▸ Activity:
Would you please transcribe the listing exactly, with no images?

▸ Given information:

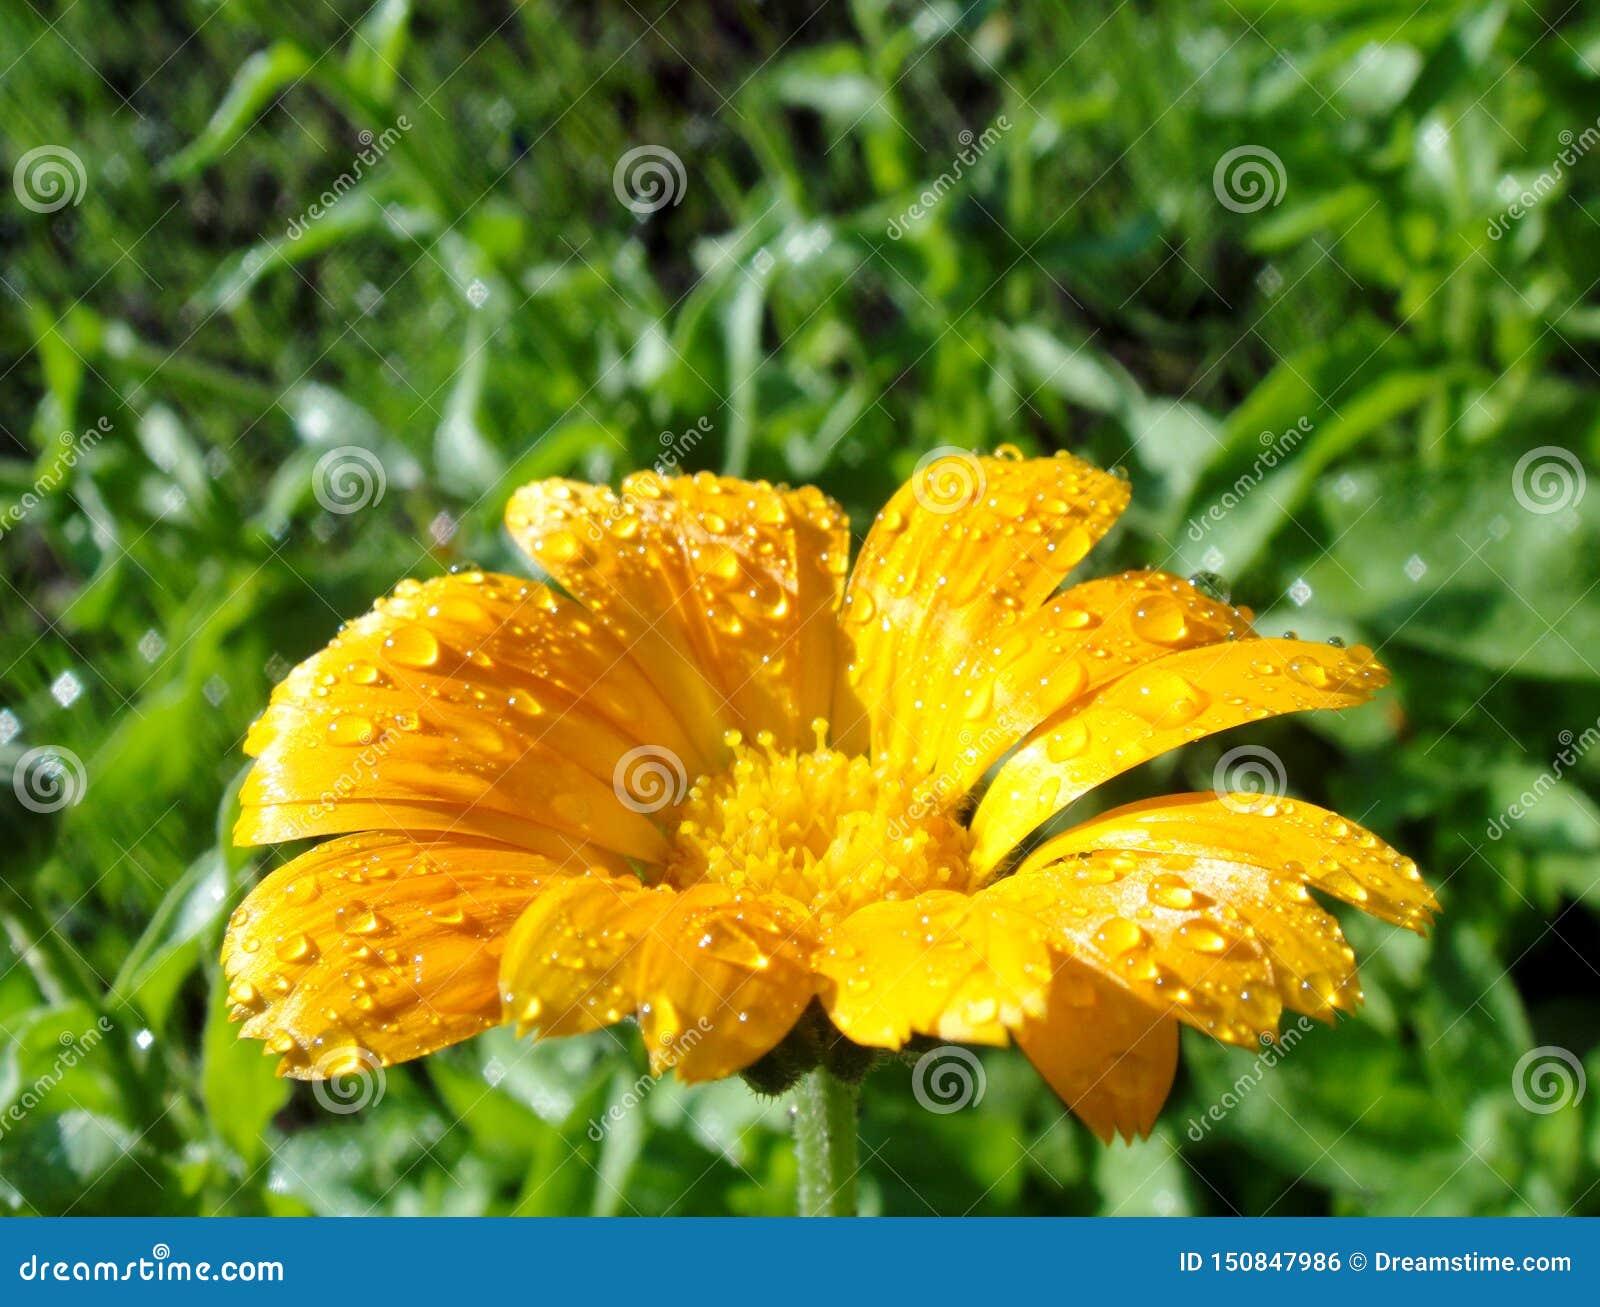 Macrofoto van heldere de zomer gele calendula met dauw
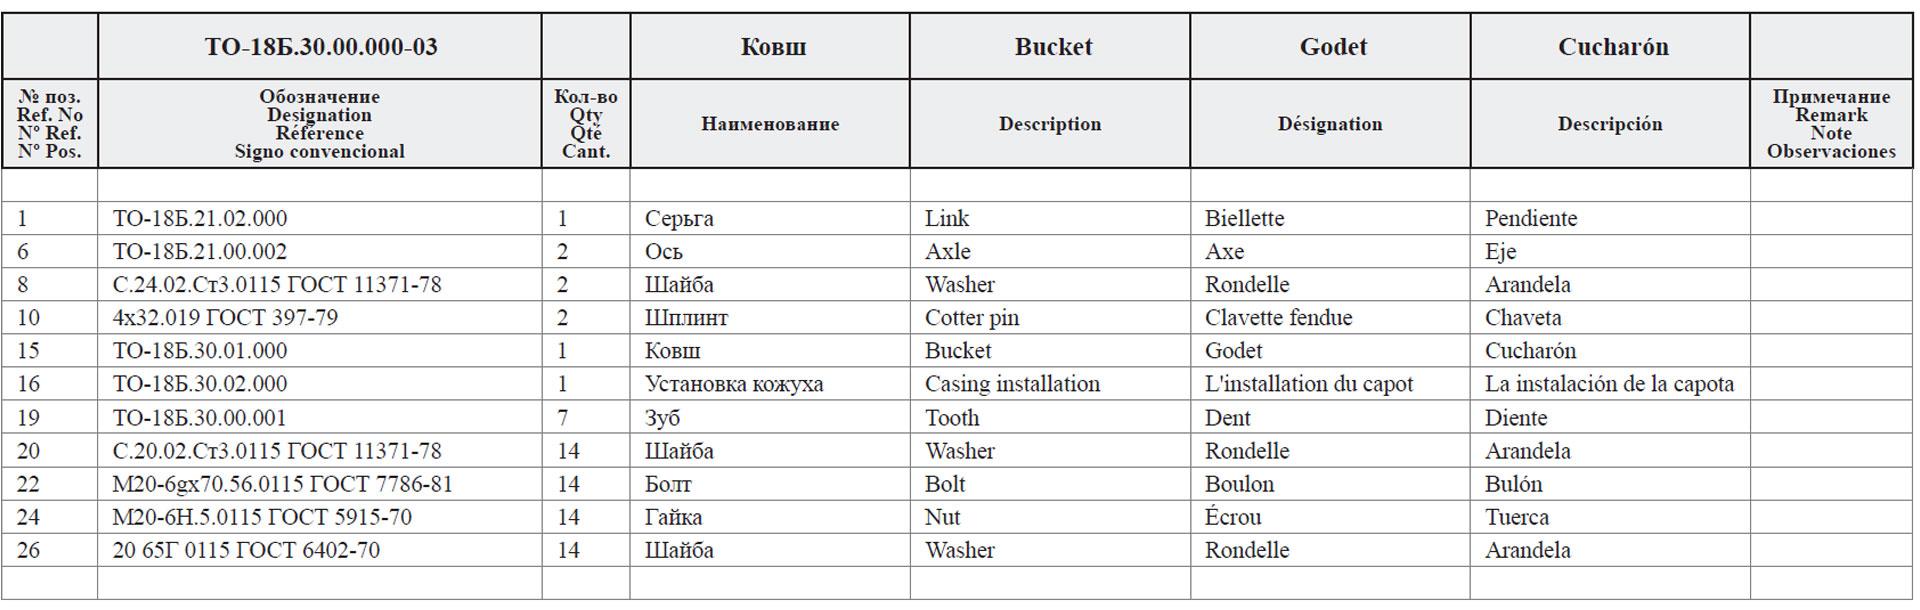 Ковш ТО-18Б.30.00.000
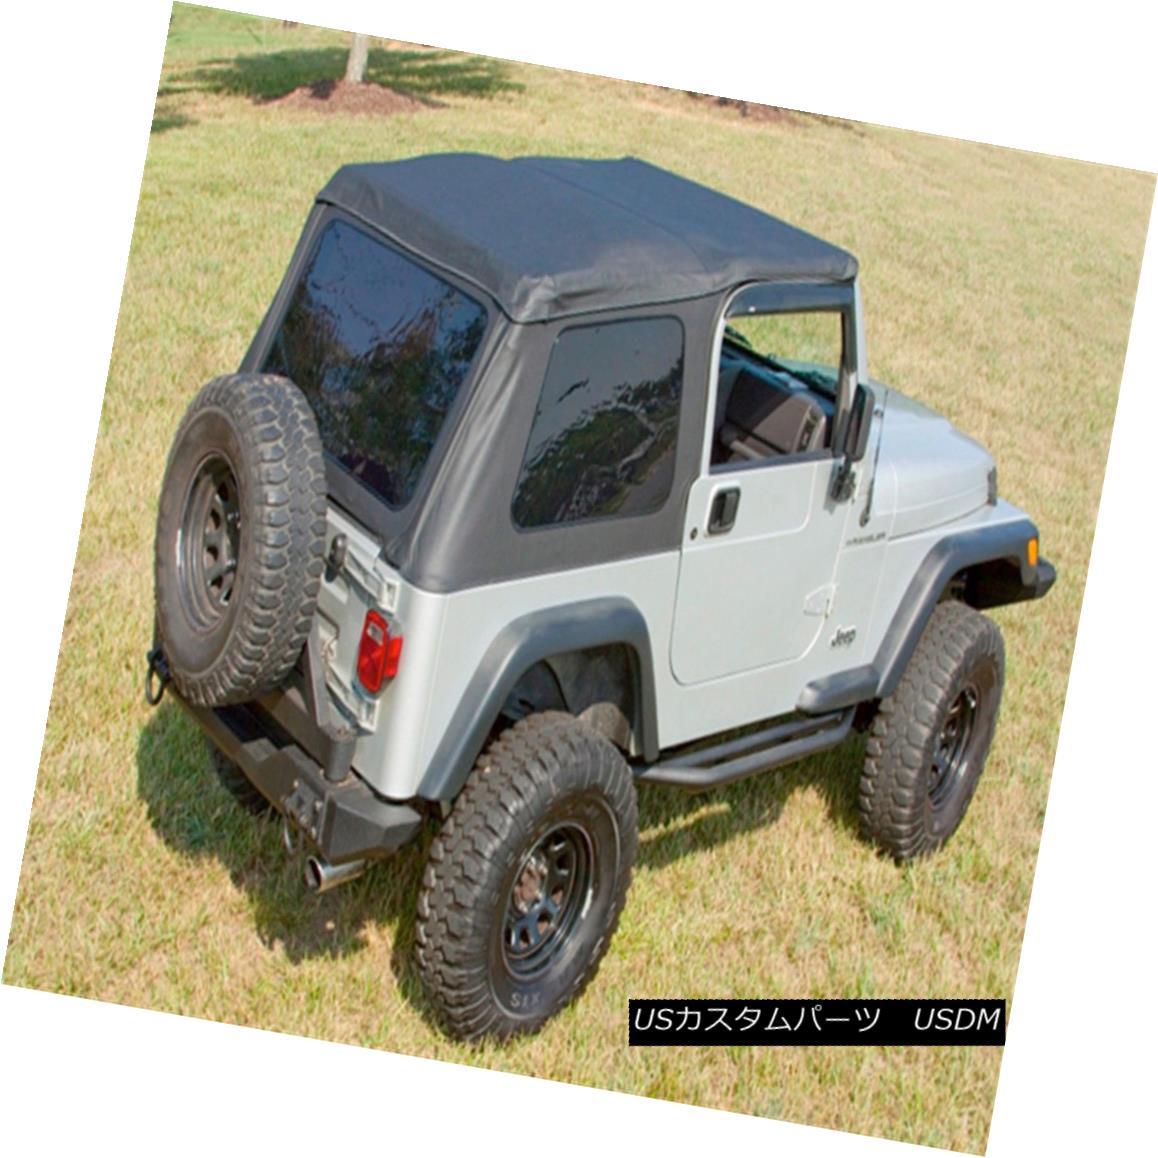 幌・ソフトトップ Rugged Ridge 13751.35 XHD Soft Top Fits 97-06 Wrangler (TJ) Rugged Ridge 13751.35 XHDソフトトップフィット97-06 Wrangler(TJ)
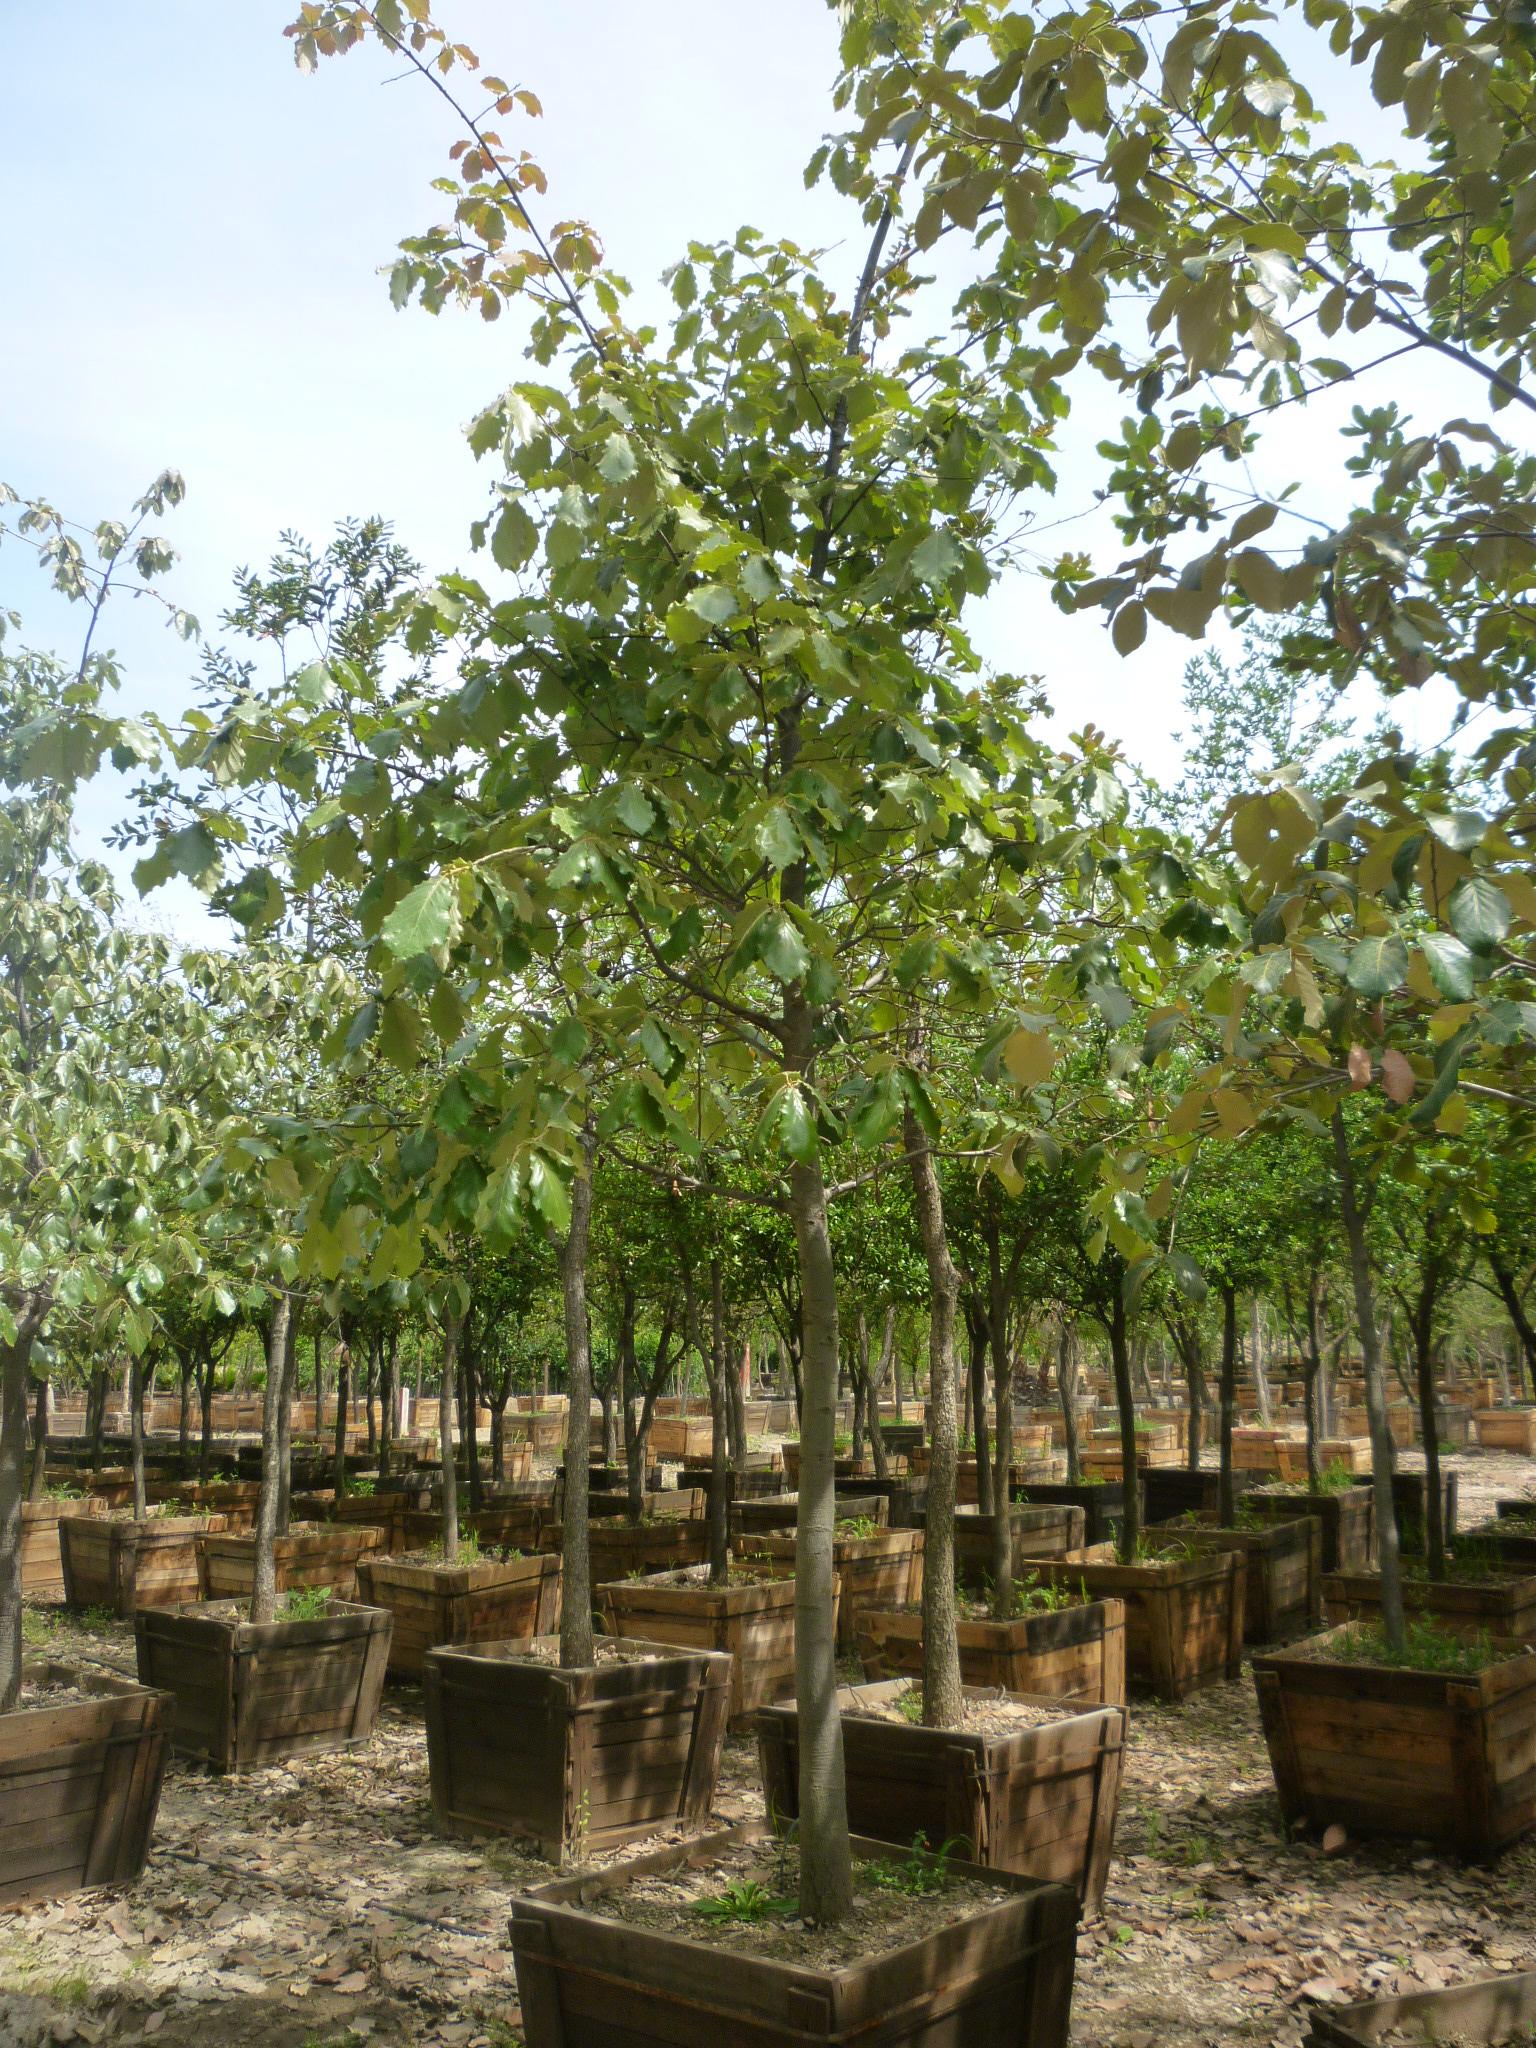 Viveros productores de guanajuato vpg viveros en for Viveros de arboles en madrid

▸ The completed task:
 Macrofoto van heldere de zomer gele calendula met dauw
 Ковш ТО-18Б.30.00.000
 幌・ソフトトップ Rugged Ridge 13751.35 XHD Soft Top Fits 97-06 Wrangler (TJ) Rugged Ridge 13751.35 XHDソフトトップフィット97-06 Wrangler(TJ)
 Viveros productores de guanajuato vpg viveros en for Viveros de arboles en madrid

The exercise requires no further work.